Ustekinumab (Stelara) [Internet]. Ottawa (ON): Canadian Agency for Drugs and Technologies in Health; 2017 Apr.

Cover of Ustekinumab (Stelara)

Ustekinumab (Stelara) [Internet].

Show details

APPENDIX 5VALIDITY OF OUTCOME MEASURES

Aim

To summarize the measurement properties (e.g., reliability, validity, minimally clinically important difference [MCID]) of the following outcome measures used in the studies included in this submission:

  • Crohn’s Disease Activity Index (CDAI)
  • Inflammatory Bowel Disease Questionnaire (IBDQ)
  • Short Form (36) Health Survey (SF-36)
  • Work Limitations Questionnaire (WLQ)

Findings

Crohn’s Disease Activity Index

The National Cooperative Crohn’s Disease Study Group developed the CDAI using prospective data gathered from 187 visits of 112 patients suffering from Crohn’s disease (CD).57 It is a disease-specific index and considered the standard for assessing CD activity. The CDAI consists of eight domains that are used to evaluate overall disease severity. The overall score is based on the sum of the weighted value of each item and ranges from 0 to 600; a score of 150 is defined as the threshold between remission and active disease. Scores ranging between 150 and 219 indicate mild-to-moderate CD and scores ranging between 220 and 450 indicate moderate-to-severe CD, whereas scores above 450 indicate very severe CD.58,59 Item scores are derived using patient diaries, which are based on the seven days preceding each visit. Generally, the CDAI is considered impractical for use in clinical practice, as it has no MCID clearly defined.59,60 Originally, changes of 50 points in the CDAI were associated with physician evaluation of “slightly better” and/or “slightly worse” compared with baseline.57,59,60 However, clinical trials have commonly used changes of 50, 60, 70, or 100 points in CDAI to define clinical response.59 More recently, the FDA and the European Medicines Agency (EMA) have suggested that a change of 100 points in CDAI is considered to be a more meaningful response (i.e., enhanced clinical response).59

Development of the CDAI

Gastroenterologists considered 18 parameters to inform the CDAI, including the following CD domains: subjective patient symptoms and need for symptomatic medications; objective clinical findings on physical examination; extra-intestinal manifestations of CD; complications of CD (e.g., fistulas); radiologic and endoscopic examinations; and laboratory parameters.
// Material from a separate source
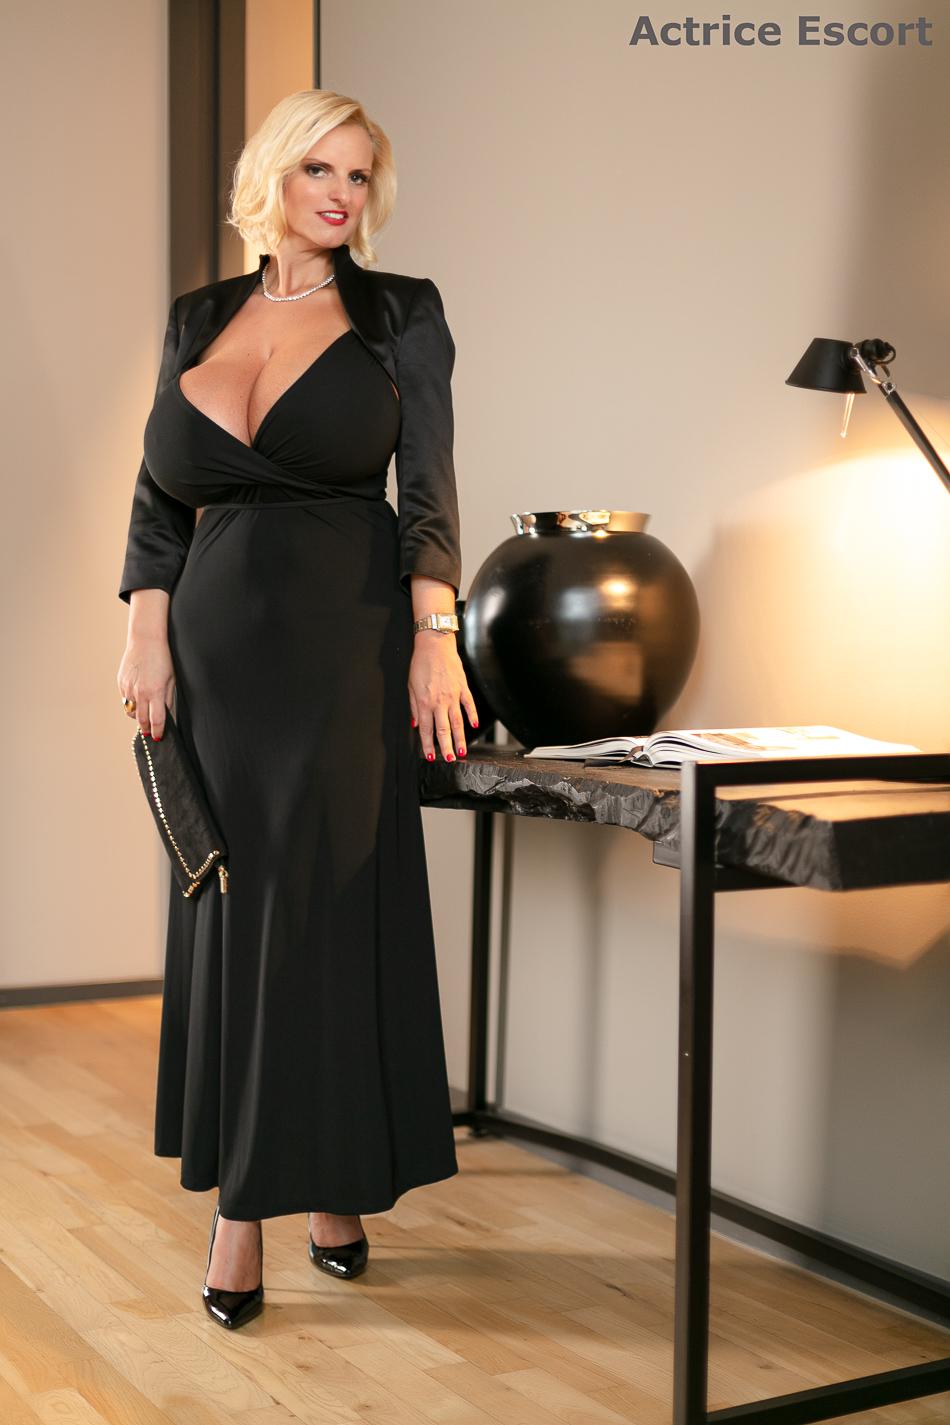 Actrice escort

A global assessment score was also assessed at each visit by the gastroenterologist based on the following scheme: “very well” = 1, “fair to good” = 3, “poor” = 5, “very poor” = 7.

Multiple regression and backwards stepwise deletions were utilized to assess the correlation between the 18 parameters and the physician global assessment score. Based on the results of the correlations, eight independent weighted (weighting ranges from one to 30) variables were included in the final CDAI formula.

Table 36Final Items Included in the CDAI and Their Weights

Item (Daily Sum Per Week)Weight
Number of liquid or very soft stools2
Abdominal pain score in one week (rating: 0 to 3)5
General well-being (rating: 0 to 4)7
Sum of findings per week:
  • Arthritis/arthralgia
  • Mucocutaneous lesions (egg, erythema nodosum aphthous ulcers)
  • Iritis/uveitis
  • Anal disease (fissure, fistula, etc.)
  • External fistula (enterocutaneous, vesicle, vaginal, etc.)
  • Fever > 37.83C
20
Antidiarrheal use (e.g., diphenoxylate hydrochloride)30
Abdominal mass (none = 0, equivocal = 2, present = 5)10
47 minus hematocrit (males) or 42 minus hematocrit (females)6
100 × (1 − [body weight divided by standard weight])1

Source: Best et al.57

Reliability of the CDAI

Reliability was not originally assessed during the development of the CDAI; however, the index did provide good to very good test–retest reliability, evaluated based on two successive visits for 32 patients.57,58 The CDAI was subsequently re-evaluated and re-derived using data collected from 1,058 patients. This demonstrated little difference from the original formulation; therefore, the original version was recommended.61

Validity of the CDAI

Content validity: The items included in the CDAI were selected by gastroenterologists and are based on accepted features of CD, therefore demonstrating content validity.58

Construct validity: The CDAI appears to be able to distinguish between differing levels of CD severity.

The CDAI appears to be widely used in clinical trials, and is a measure accepted by gastroenterologists as a primary end point to assess CD activity. In contrast, the CDAI does not appear to be reflective of CD activity for pediatric patients suffering from CD, nor does the instrument address all aspects of CD such as quality of life.58

Criterion validity: Selecting a gold standard measure for comparison is difficult when considering CD because of the heterogeneous nature of its manifestations. Generally, the CDAI does not demonstrate any significant correlation between the overall score and objective measurements such as mucosal healing; however, the lack of correlation may not be indicative of a lack of criterion validity, given the multi-faceted nature of CD.58 Predictive validity is another component of criterion validity. One study demonstrated that the CDAI scores increased two months preceding exacerbations of CD and decreased one month following exacerbations of CD, therefore demonstrating criterion validity.58

The CDAI score appears to vary depending on the observer,, even if the observers are evaluating the same case histories.62

Limitations of the CDAI

The overall CDAI score is derived from some subjective items such as “general well-being” and “intensity of abdominal pain” based on patient perception.

Inflammatory Bowel Disease Questionnaire

The IBDQ, developed by Guyatt et al.,32,33 is a physician-administered questionnaire to assess health-related quality of life in patients with inflammatory bowel disease (e.g., ulcerative colitis and Crohn’s disease).63 It is a 32-item Likert-based questionnaire, divided into four dimensions (i.e., bowel symptoms [10 items], systemic symptoms [5 items], emotional function [12 items], and social function [5 items]). Patients are asked to recall symptoms and quality of life from the last two weeks, with response graded on a seven-point Likert scale (1 being the worst situation, 7 being the best) with the total IBDQ score ranging between 32 and 224 (i.e., higher scores representing better quality of life). Scores of patients in remission typically range from 170 to 190.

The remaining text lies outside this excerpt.